Exercise goal: Starting at the line with "Motherboard Diagram Circuit" and going on through the line with "Comfort Inn & Suites image 44", reproduce each line in the records below exactly and nothing more.

Input records:

-- Opening Marker --

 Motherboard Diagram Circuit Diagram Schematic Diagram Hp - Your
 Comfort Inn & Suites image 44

-- Closing Marker --
-- Opening Marker --

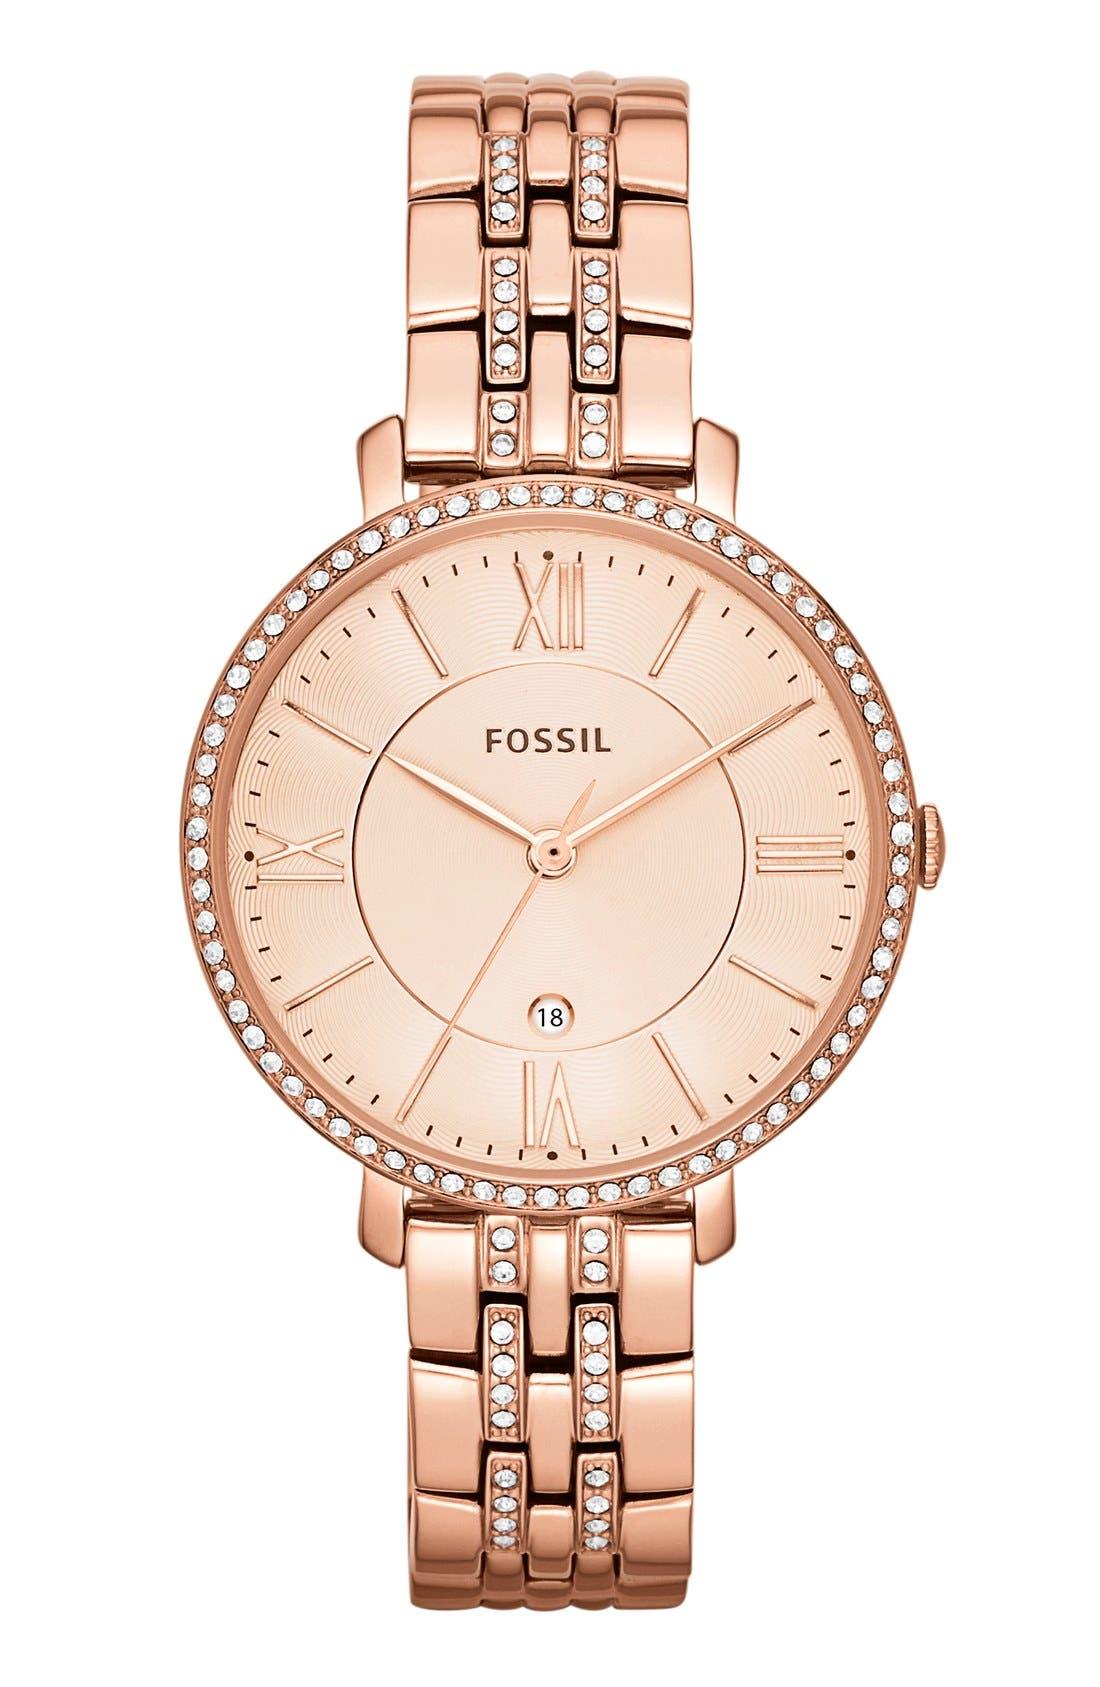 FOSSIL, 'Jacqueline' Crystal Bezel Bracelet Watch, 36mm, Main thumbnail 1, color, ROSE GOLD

-- Closing Marker --
-- Opening Marker --

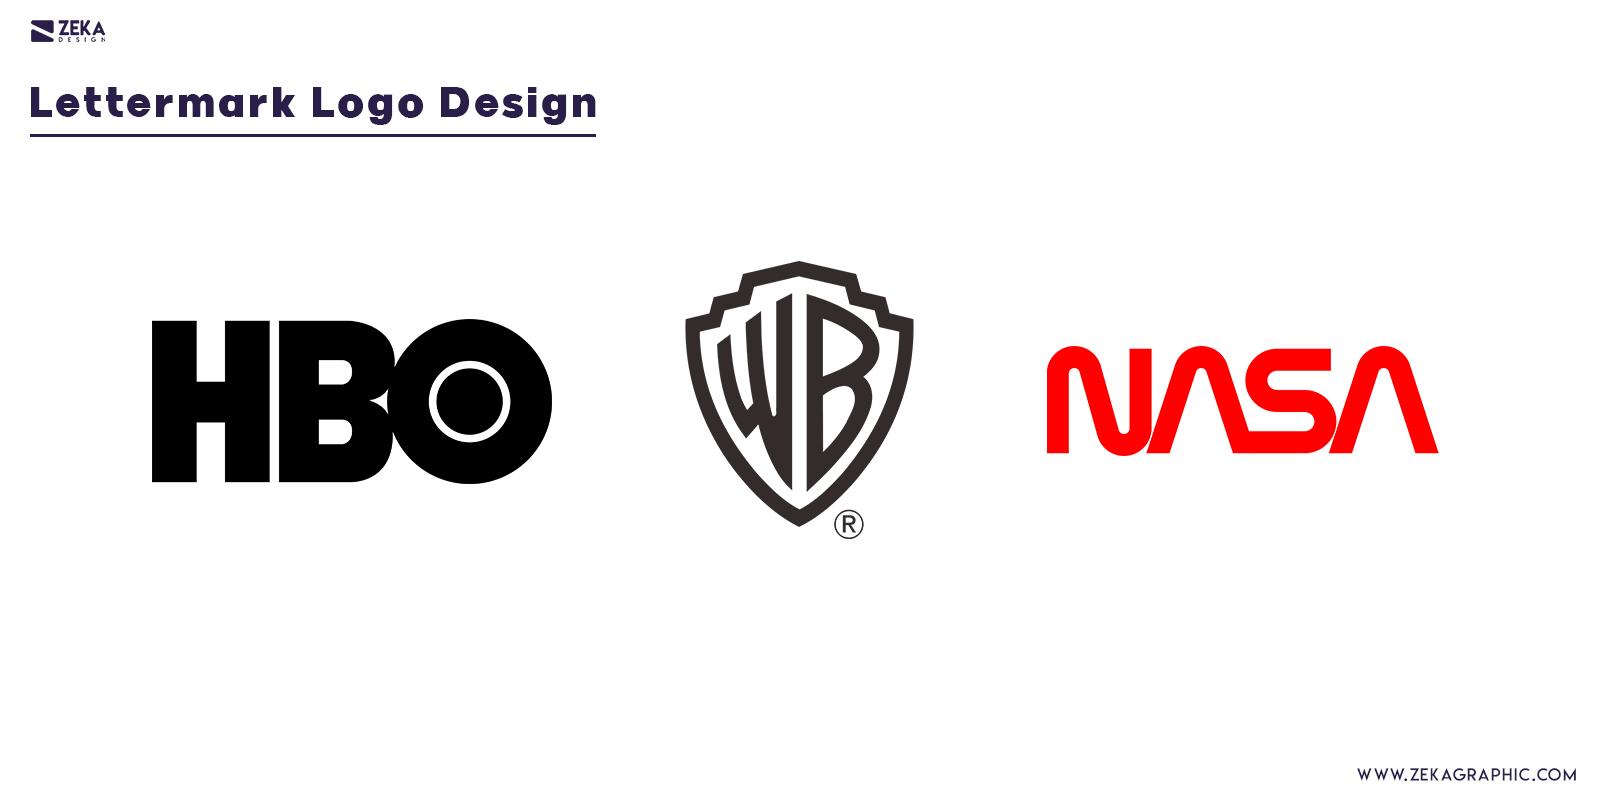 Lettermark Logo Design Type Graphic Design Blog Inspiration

-- Closing Marker --

Response area:
 Motherboard Diagram Circuit Diagram Schematic Diagram Hp - Your
 Comfort Inn & Suites image 44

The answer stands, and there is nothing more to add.